#### [Work instructions]
Exact copy, pictures excluded: set down only the lines from the one with "Alugar Casa /" through the end of the entries, keeping both end lines.
[Records for the task — start]
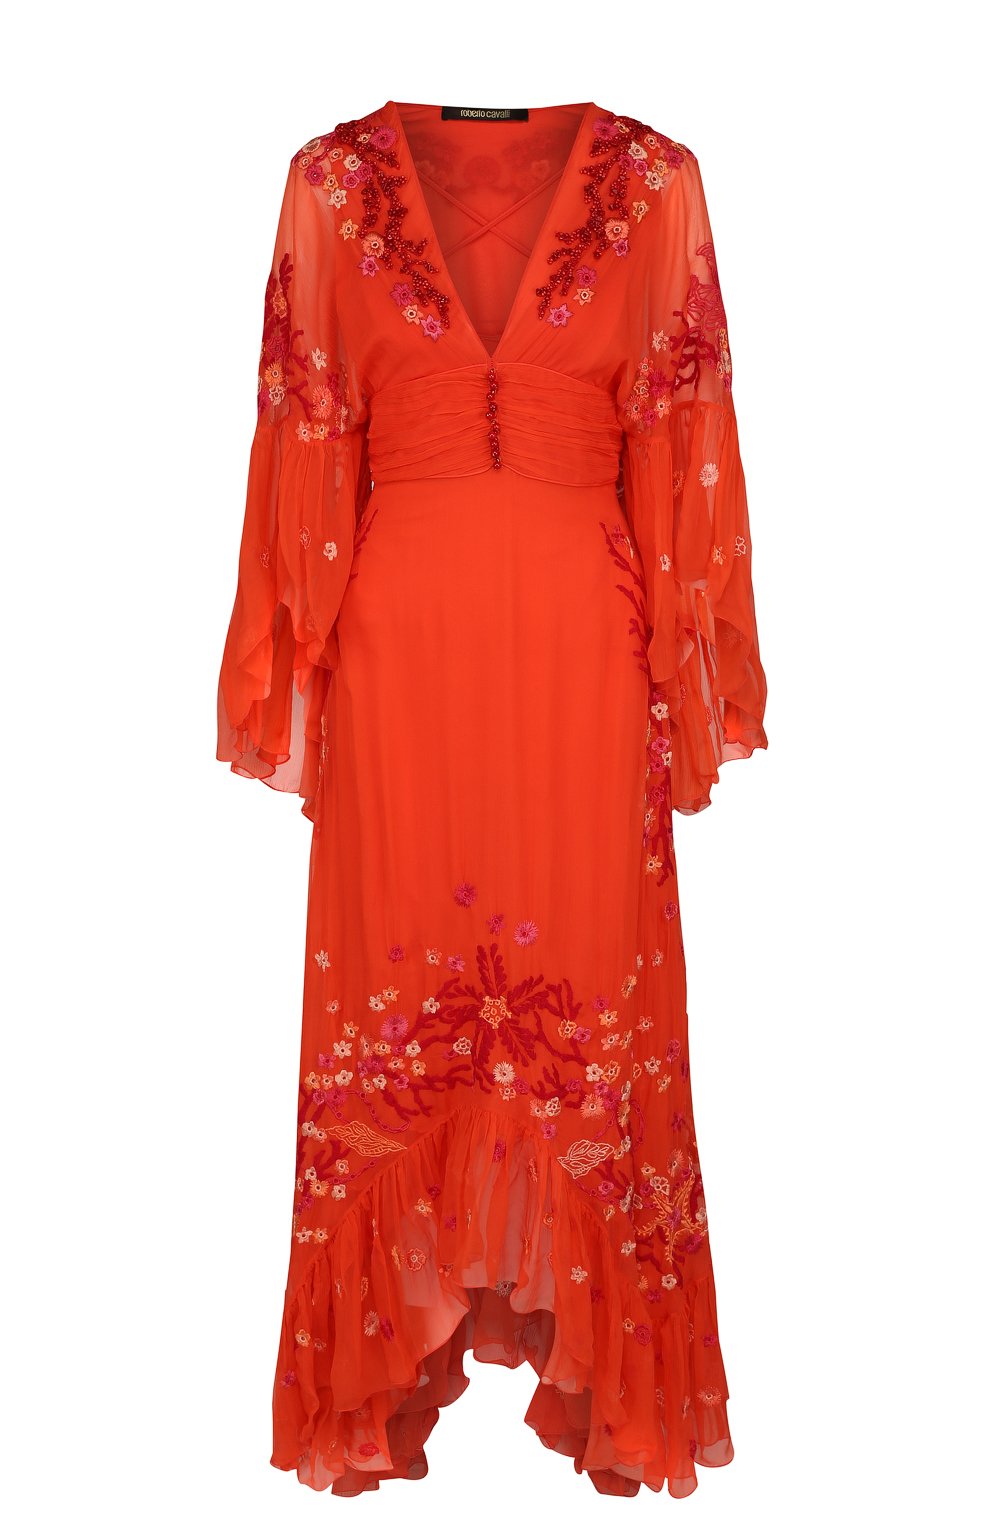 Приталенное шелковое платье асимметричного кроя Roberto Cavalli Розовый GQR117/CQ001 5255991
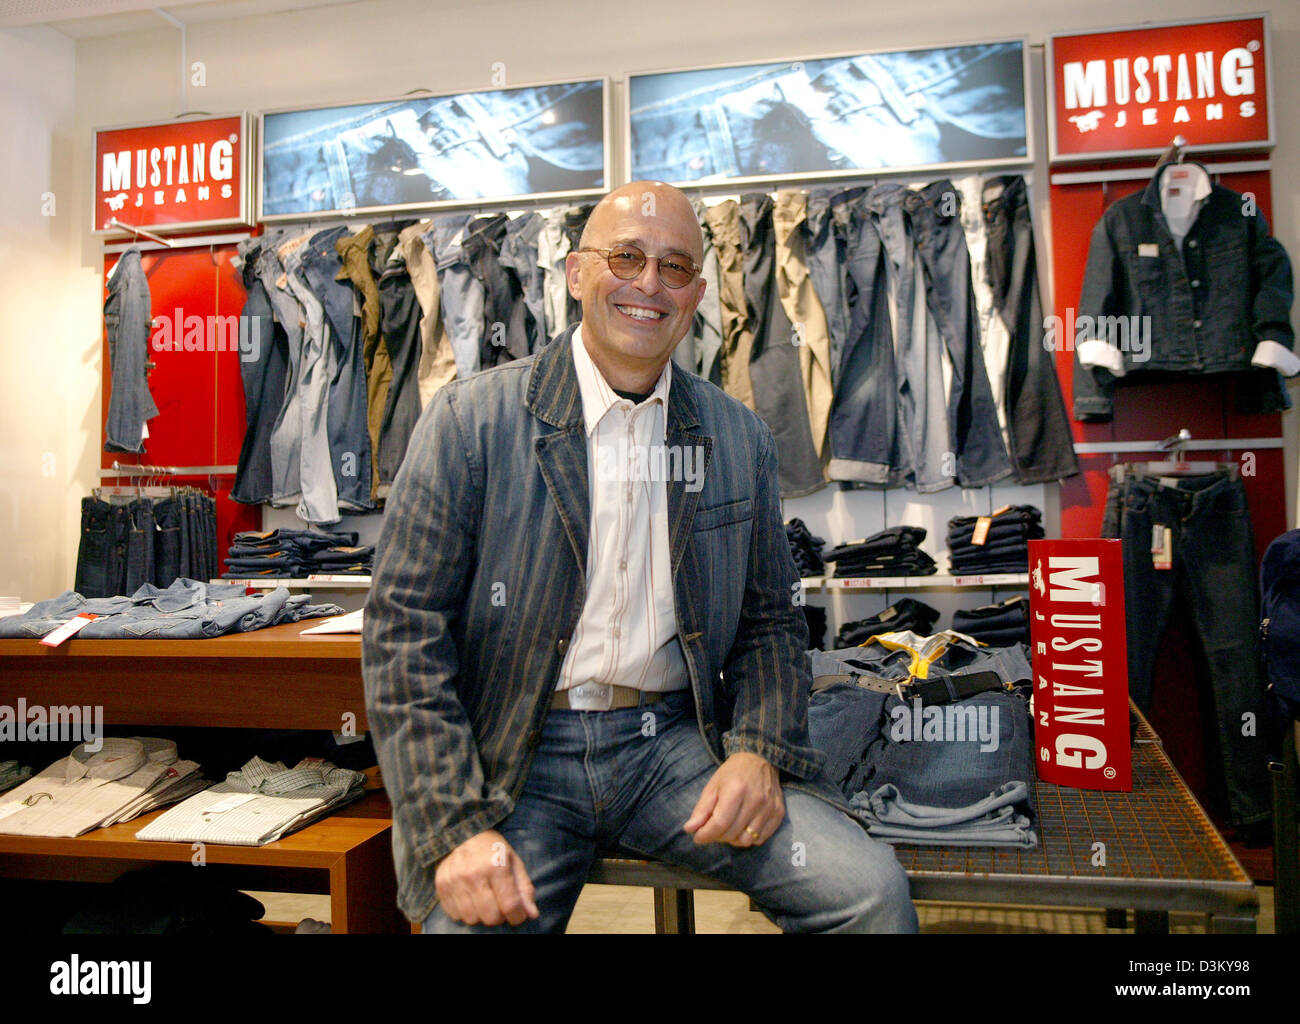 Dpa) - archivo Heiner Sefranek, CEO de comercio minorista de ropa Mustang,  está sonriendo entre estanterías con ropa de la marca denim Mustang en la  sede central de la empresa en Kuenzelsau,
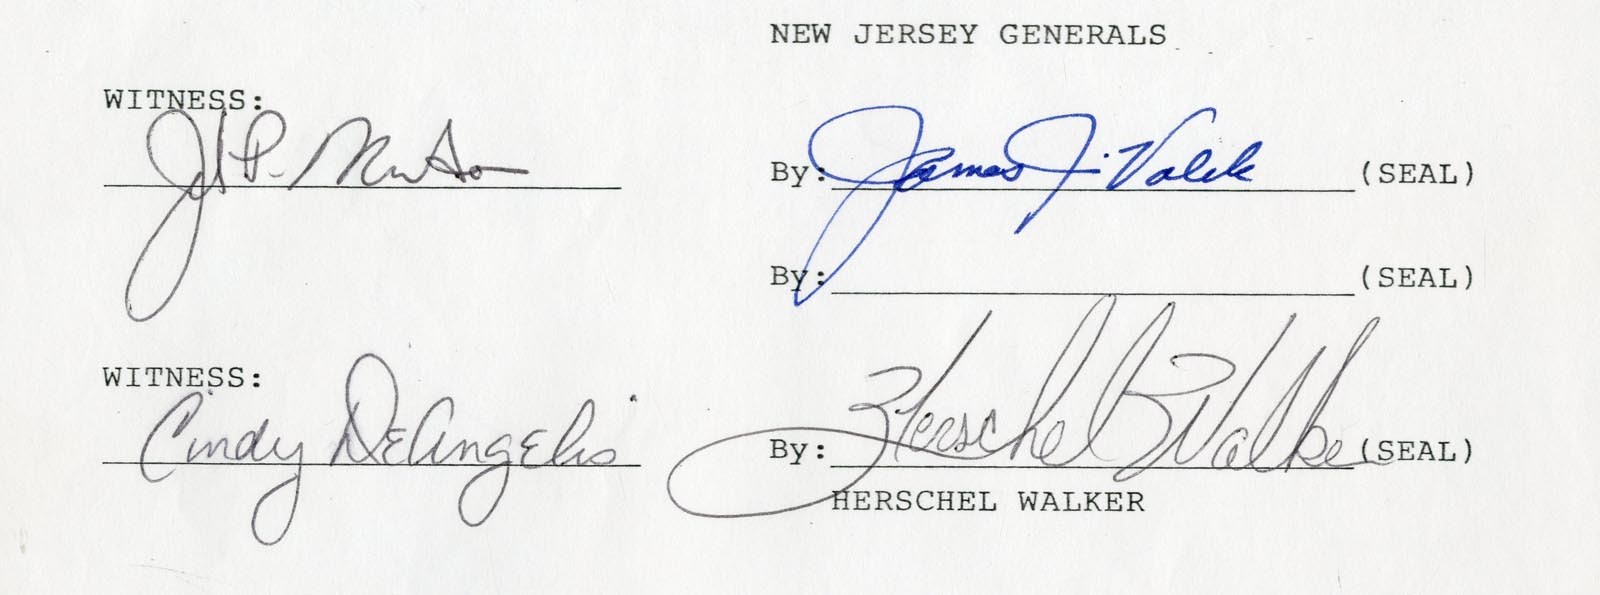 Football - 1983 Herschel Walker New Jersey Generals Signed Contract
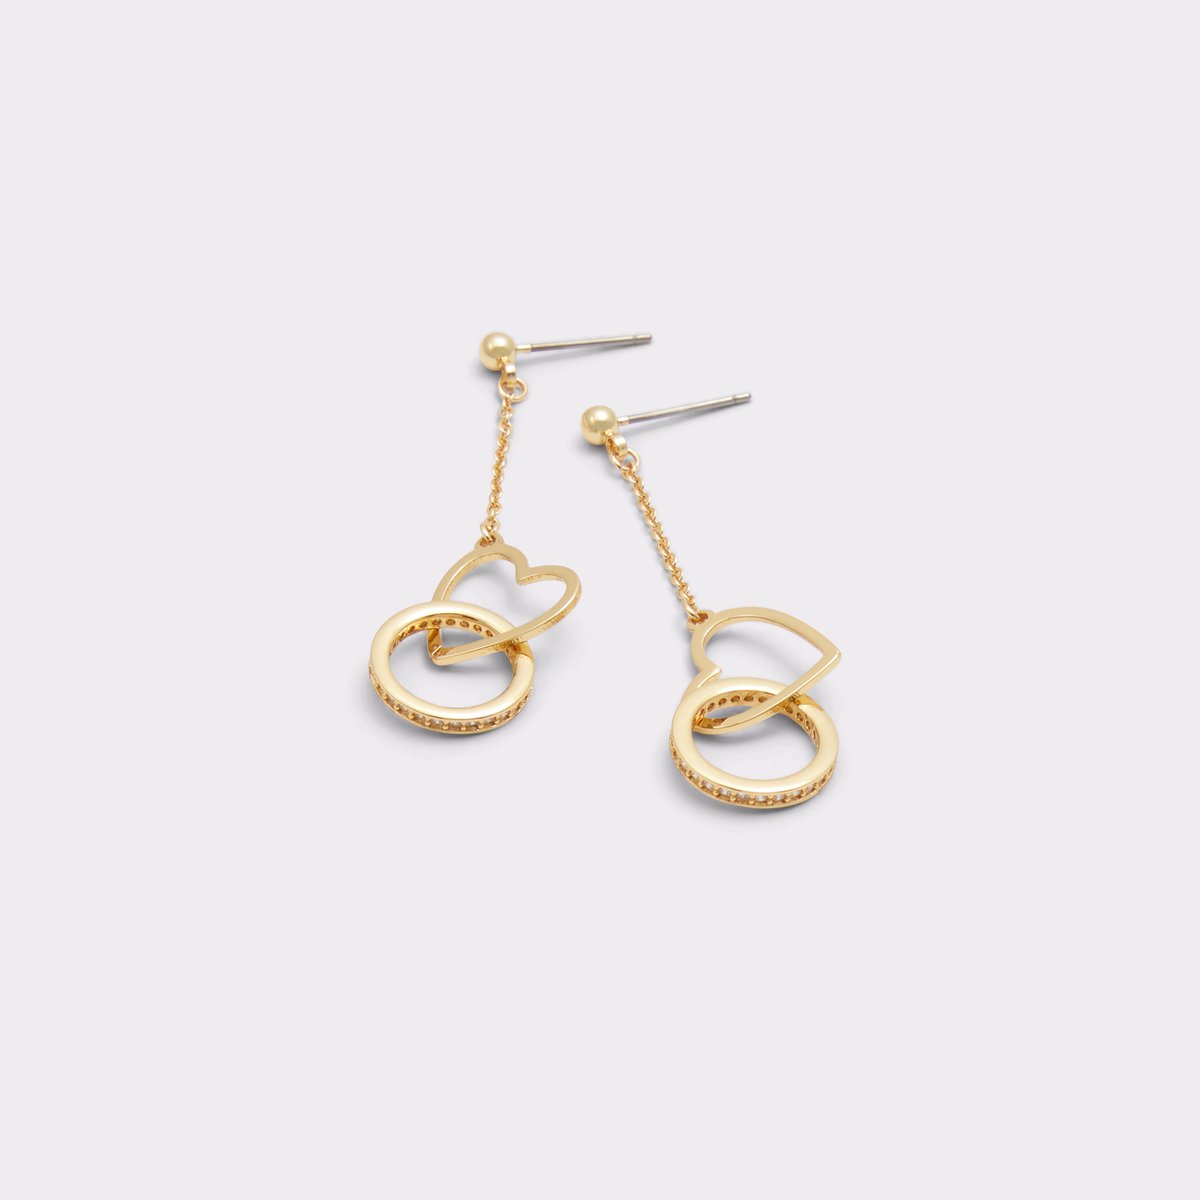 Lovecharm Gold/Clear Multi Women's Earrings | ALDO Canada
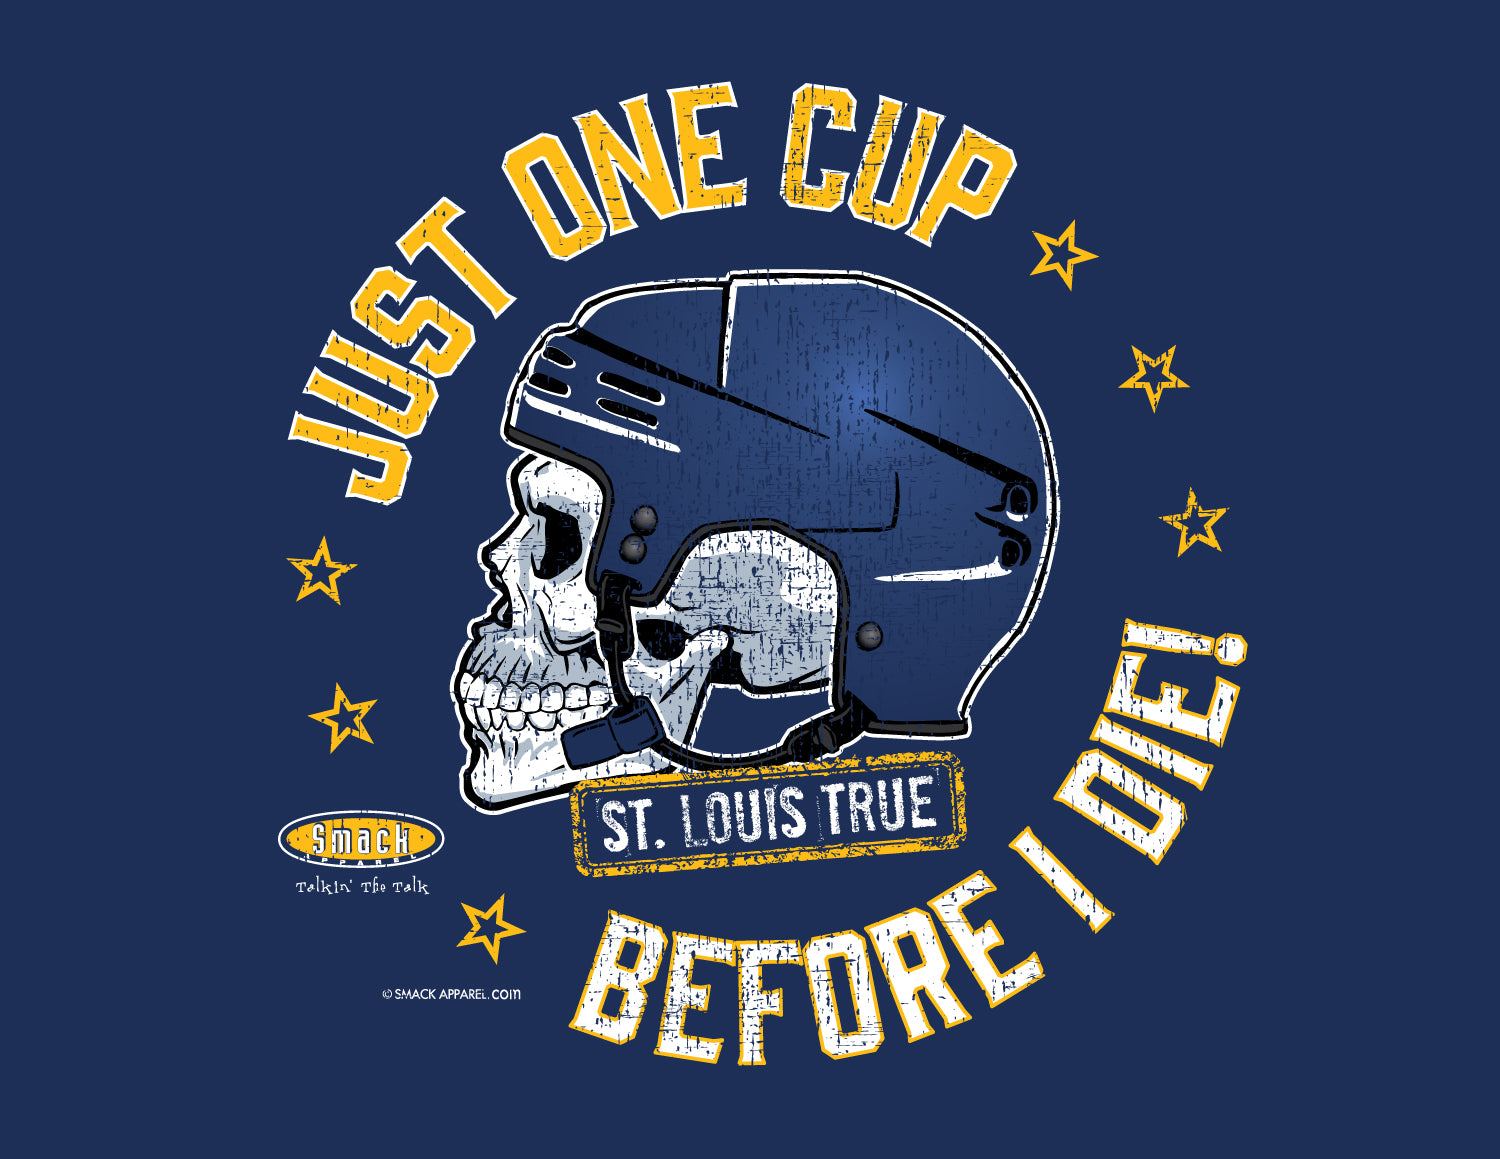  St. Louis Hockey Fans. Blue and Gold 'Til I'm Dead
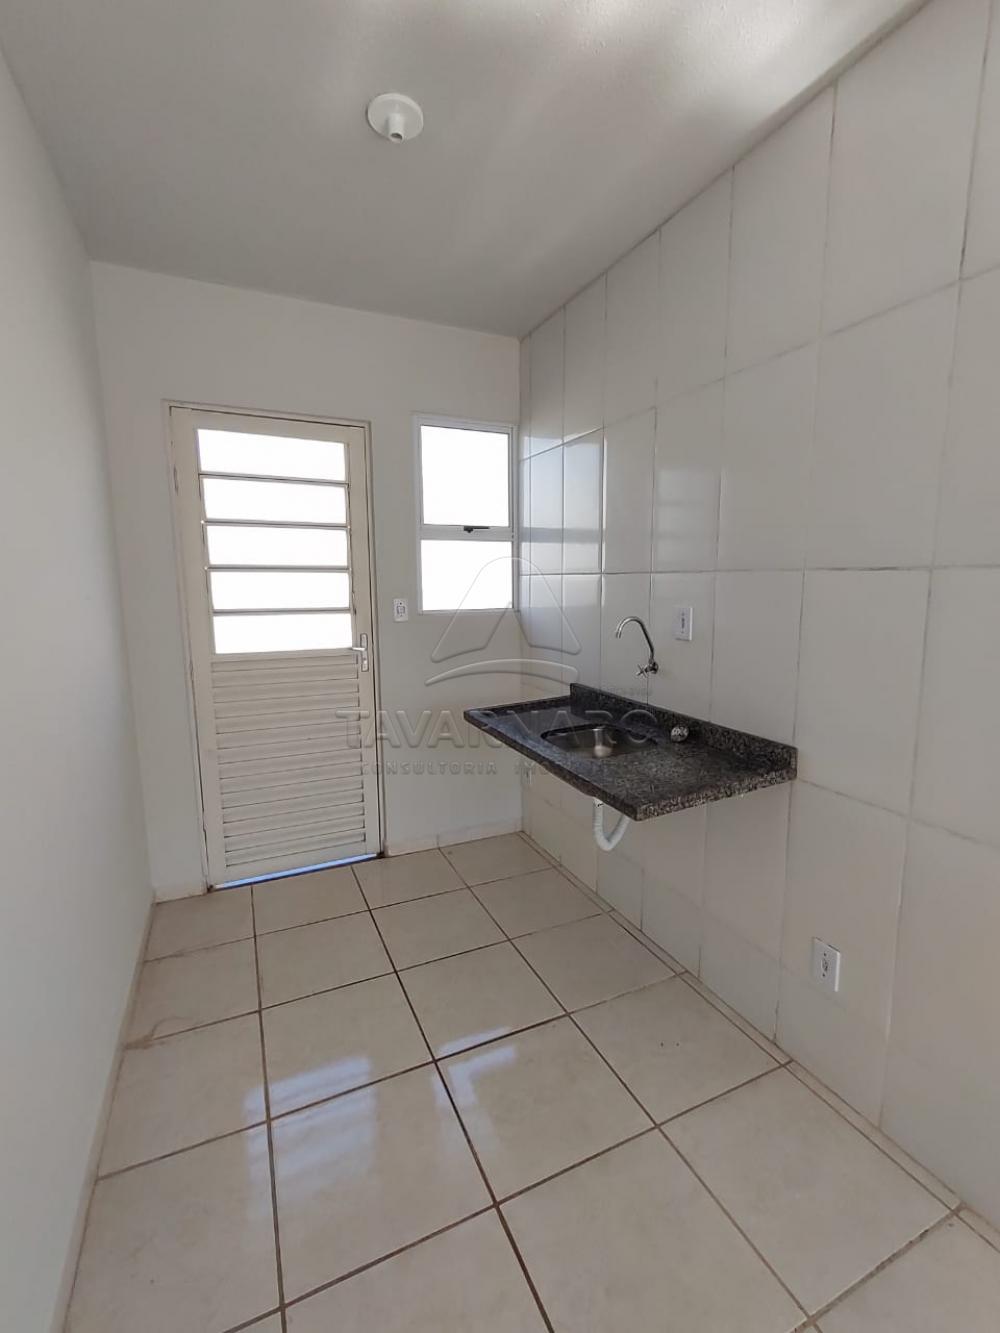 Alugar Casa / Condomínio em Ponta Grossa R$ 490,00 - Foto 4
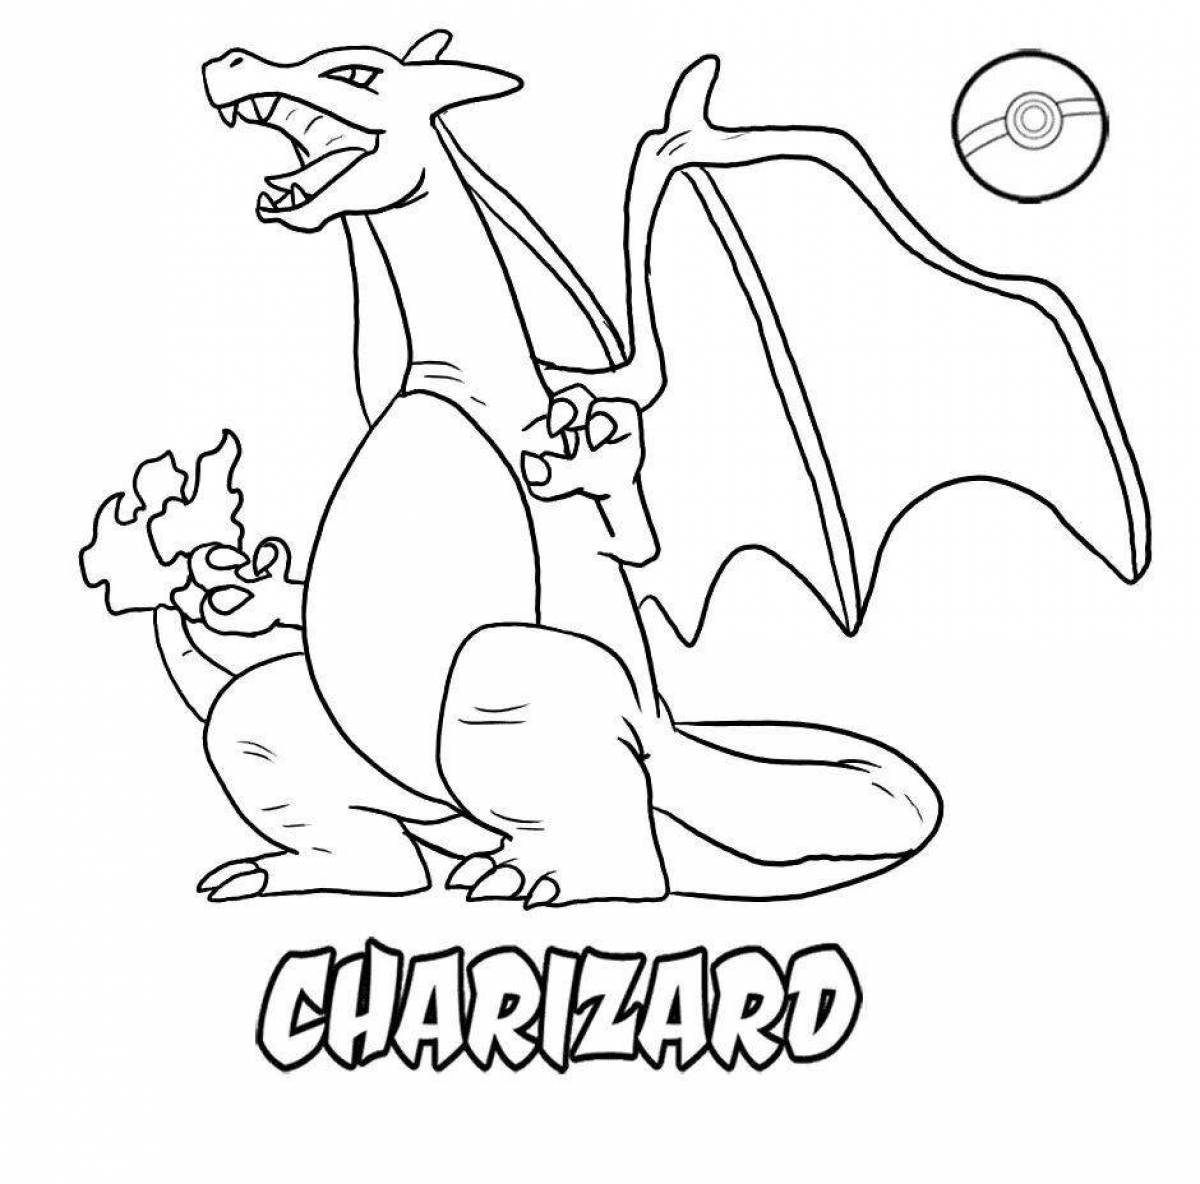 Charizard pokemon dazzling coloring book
[Records for the task — finish]
#### [Reply]
 Alugar Casa / Condomínio em Ponta Grossa R$ 490,00 - Foto 4
 Charizard pokemon dazzling coloring book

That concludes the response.